◆ Exercise objective
Give the data again exactly as written, without any of its pictures.
-- Information shown follows --
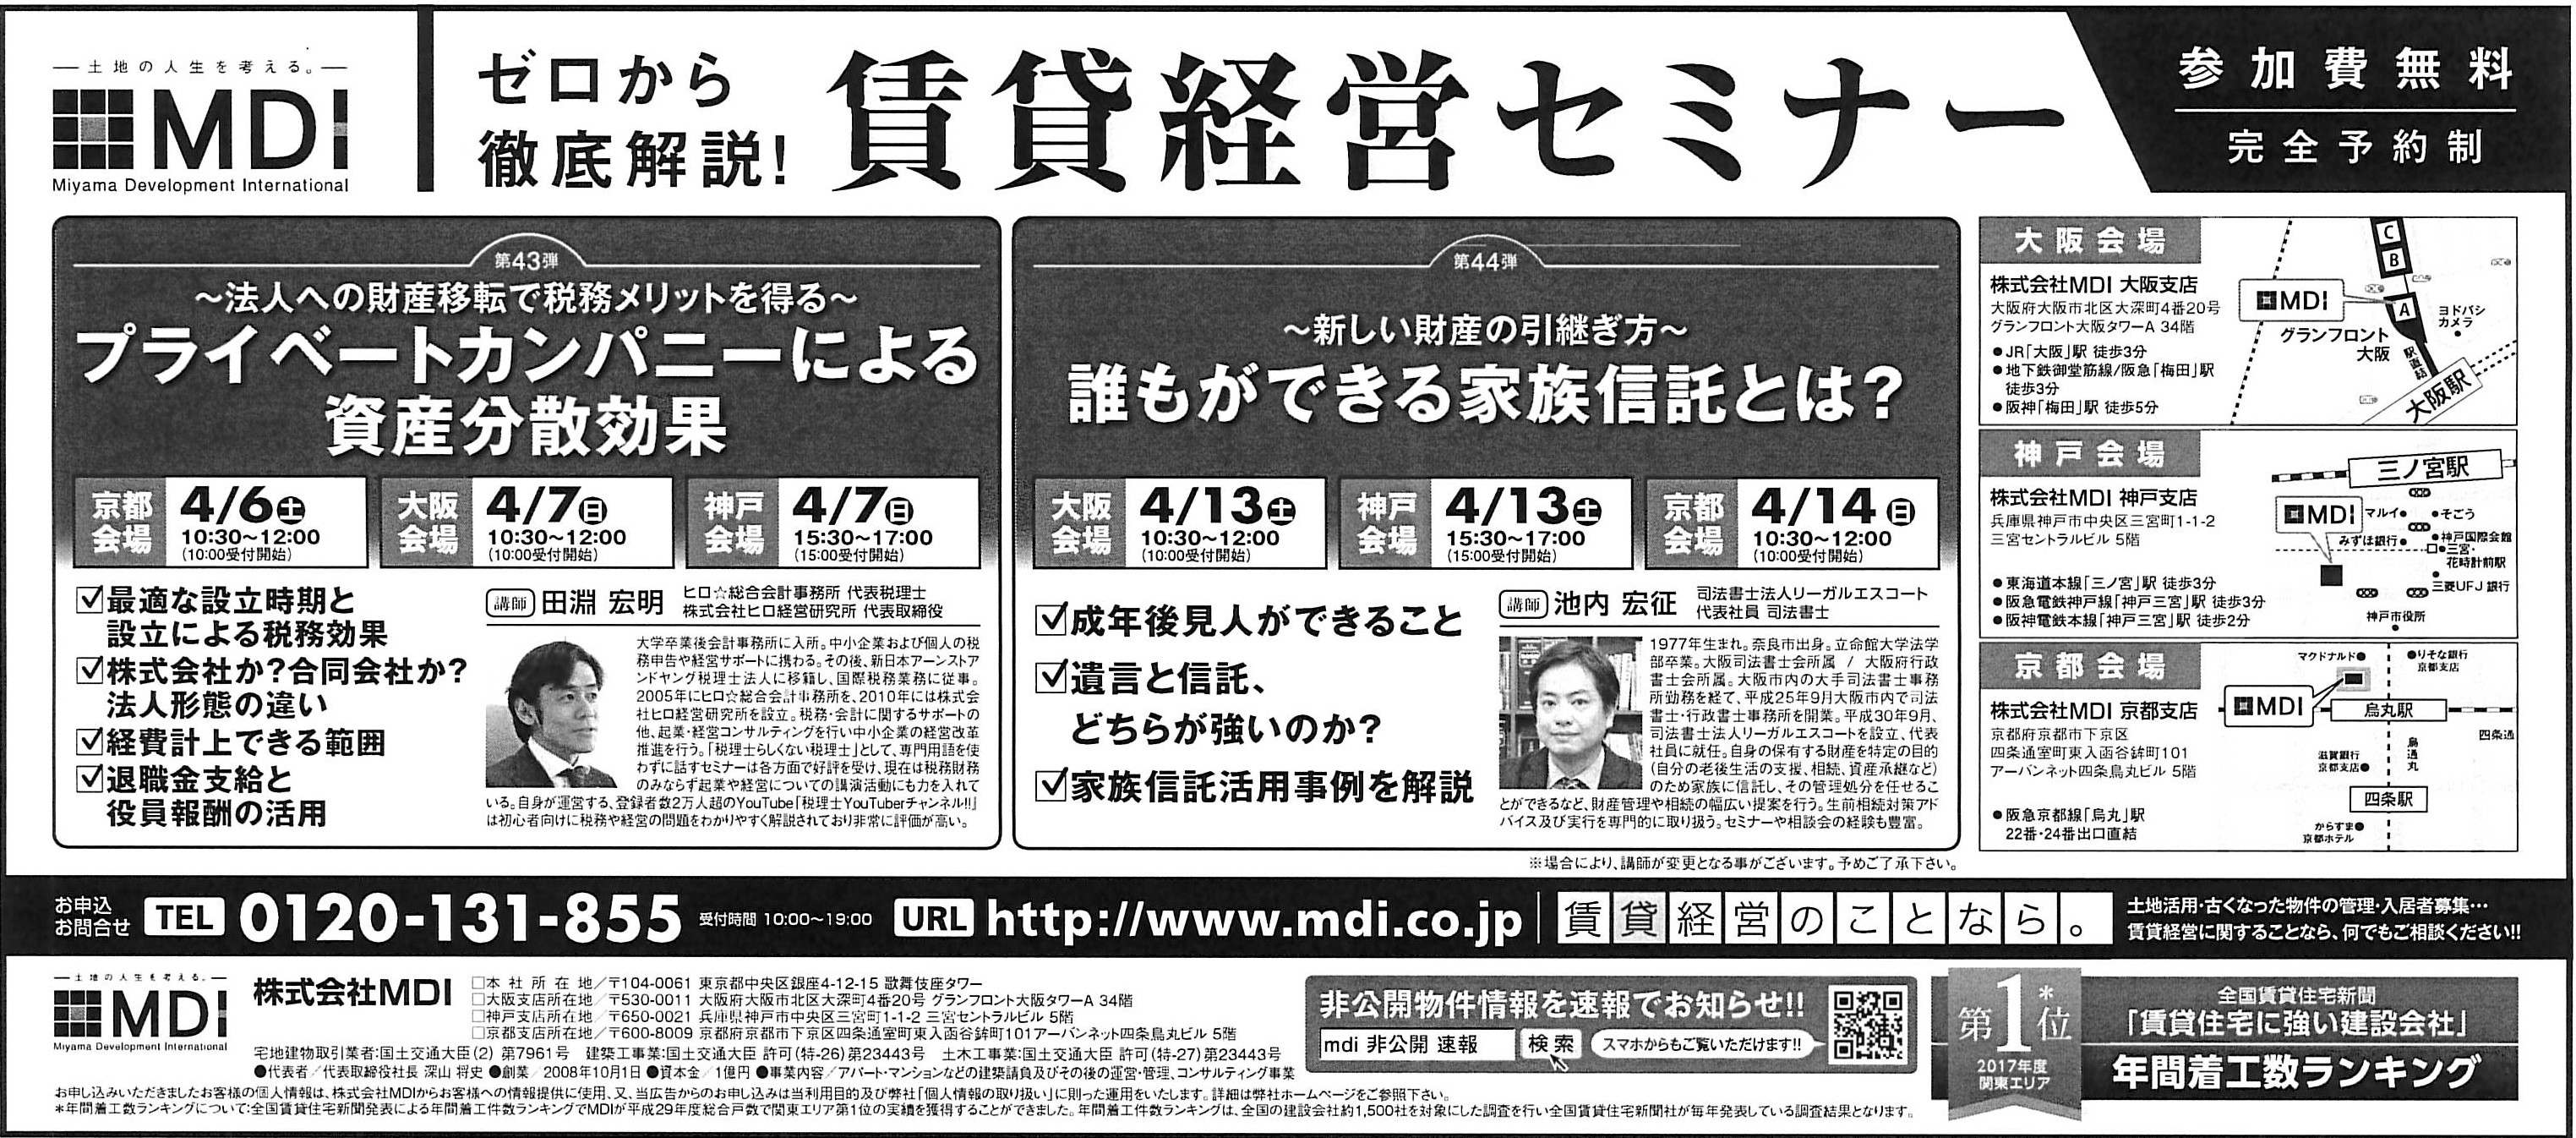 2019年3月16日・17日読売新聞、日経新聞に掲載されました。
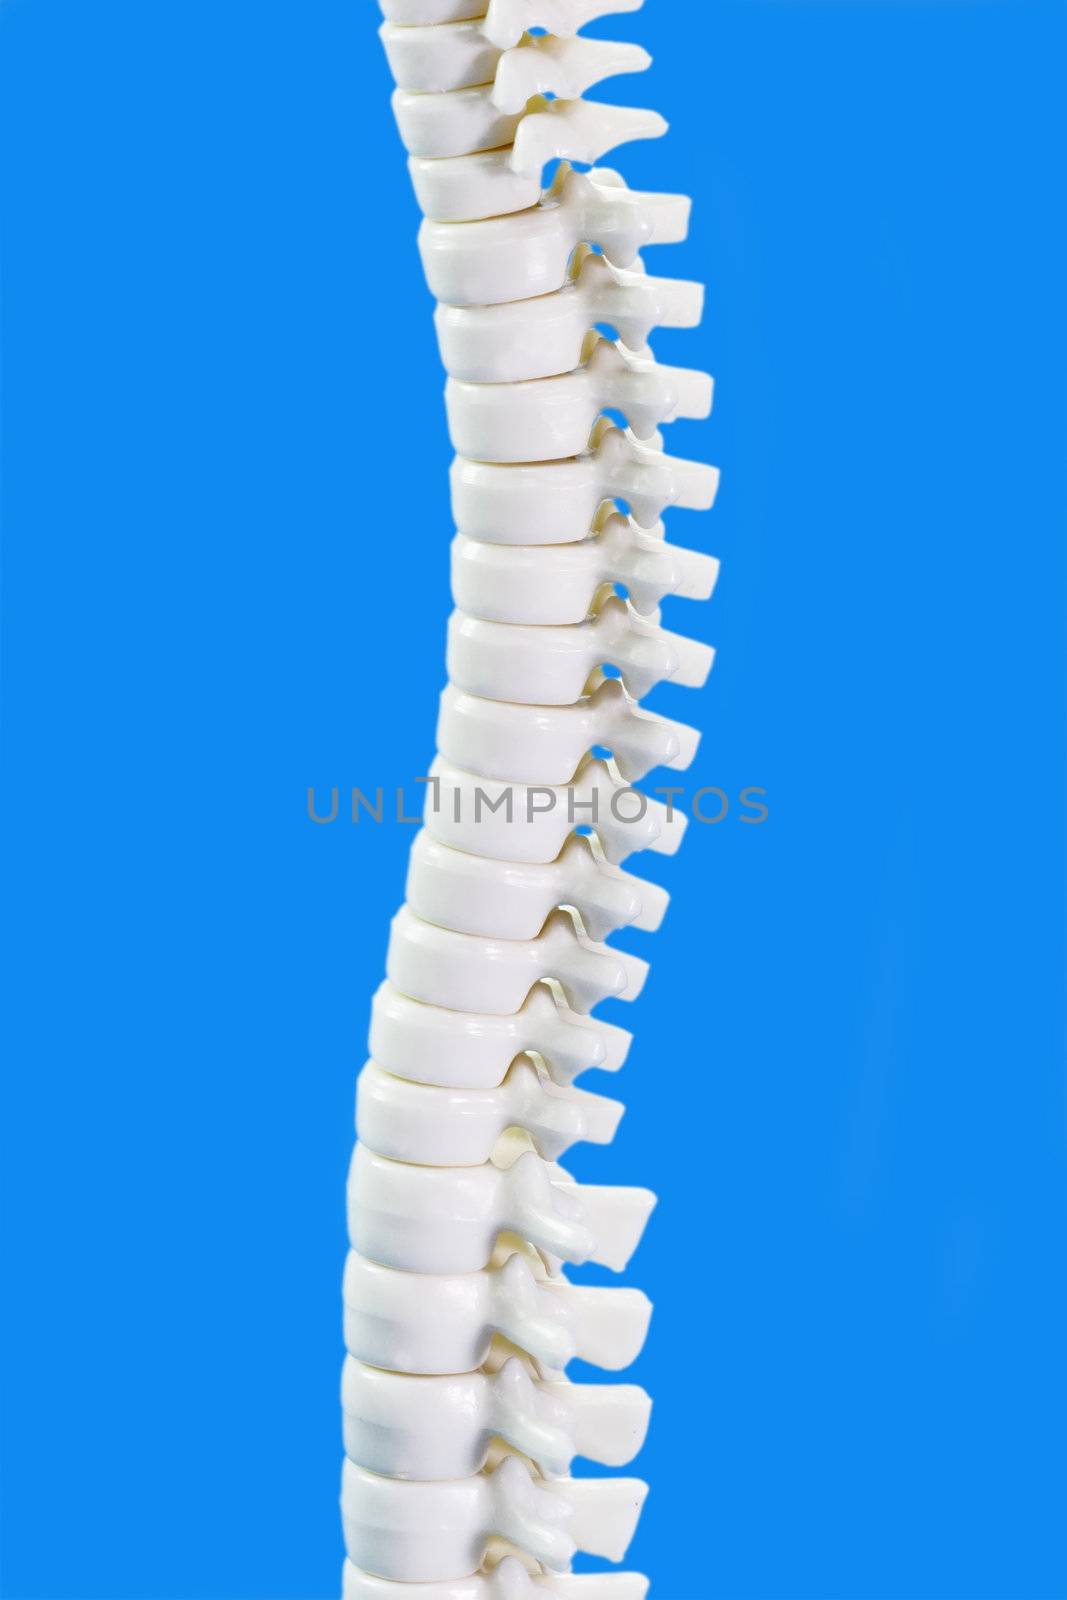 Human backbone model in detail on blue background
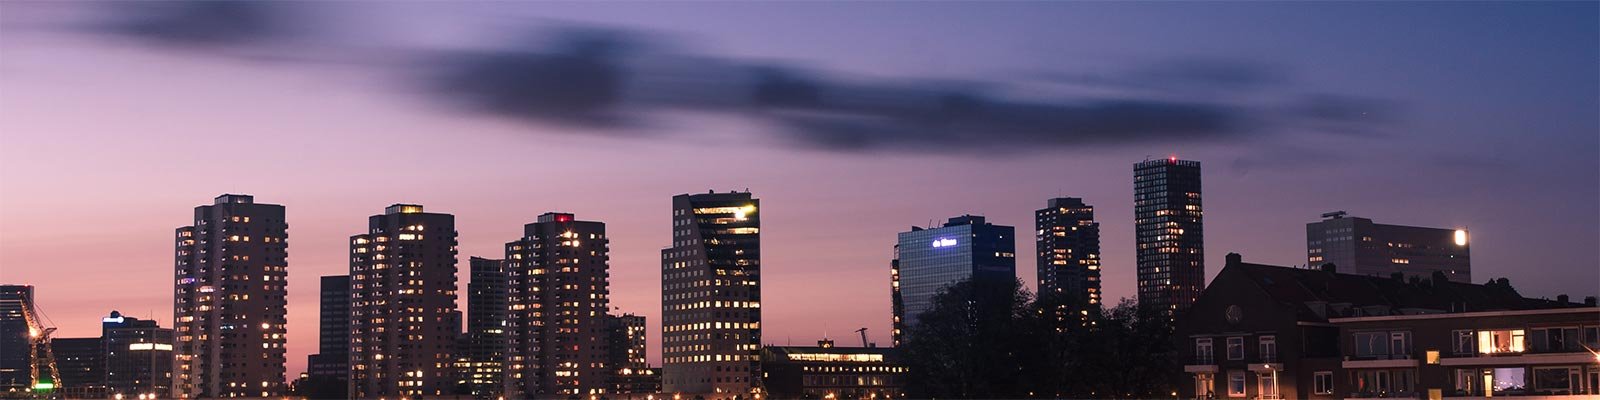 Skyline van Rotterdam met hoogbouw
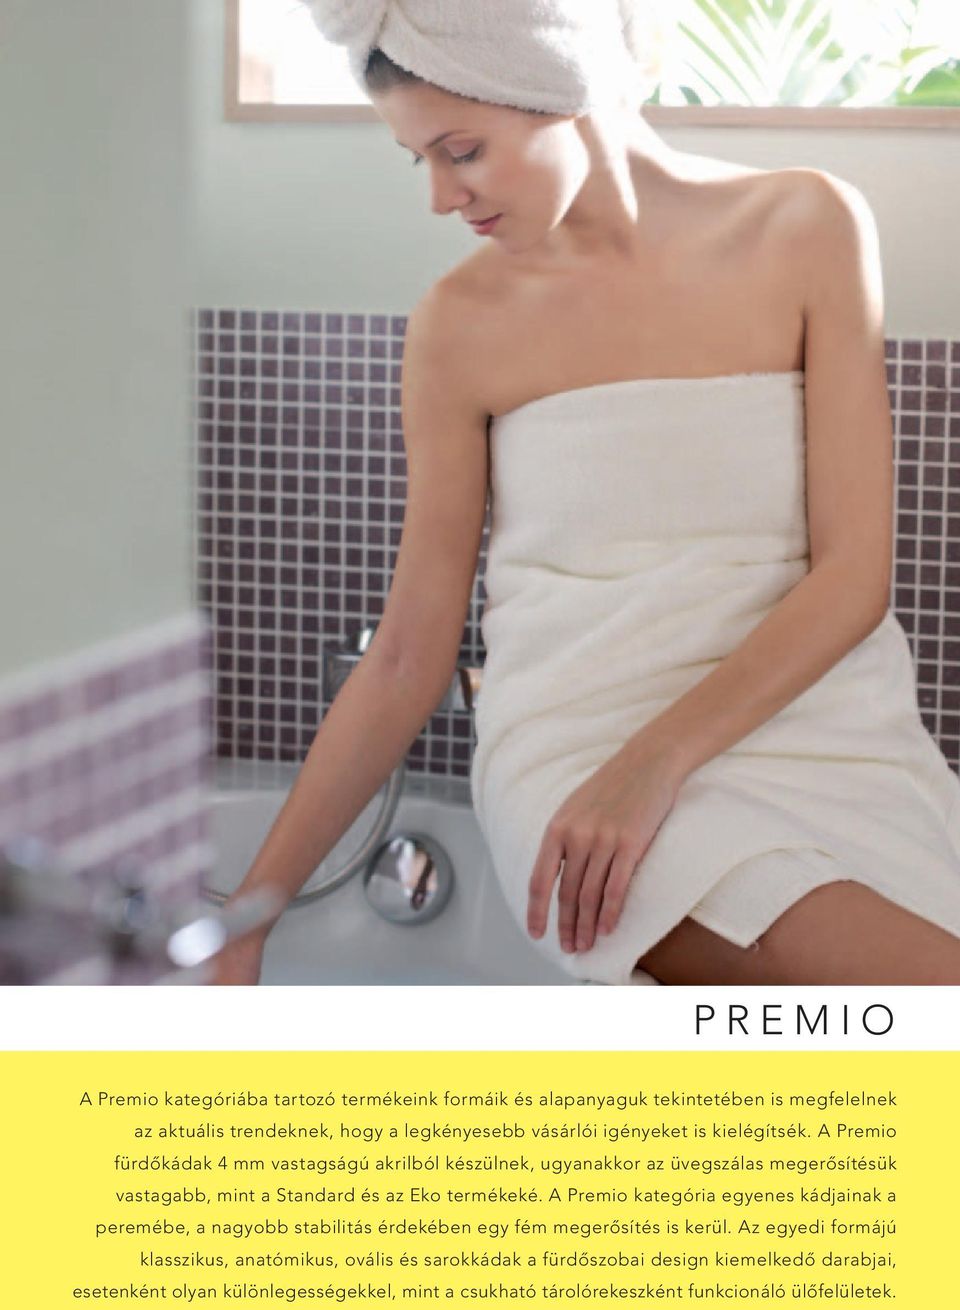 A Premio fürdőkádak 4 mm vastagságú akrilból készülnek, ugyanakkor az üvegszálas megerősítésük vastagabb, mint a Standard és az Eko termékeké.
-- Information shown concluded --
◆ Result of this task
 2019年3月16日・17日読売新聞、日経新聞に掲載されました。
 Human backbone model in detail on blue background
 Skyline van Rotterdam met hoogbouw
 A Premio fürdőkádak 4 mm vastagságú akrilból készülnek, ugyanakkor az üvegszálas megerősítésük vastagabb, mint a Standard és az Eko termékeké.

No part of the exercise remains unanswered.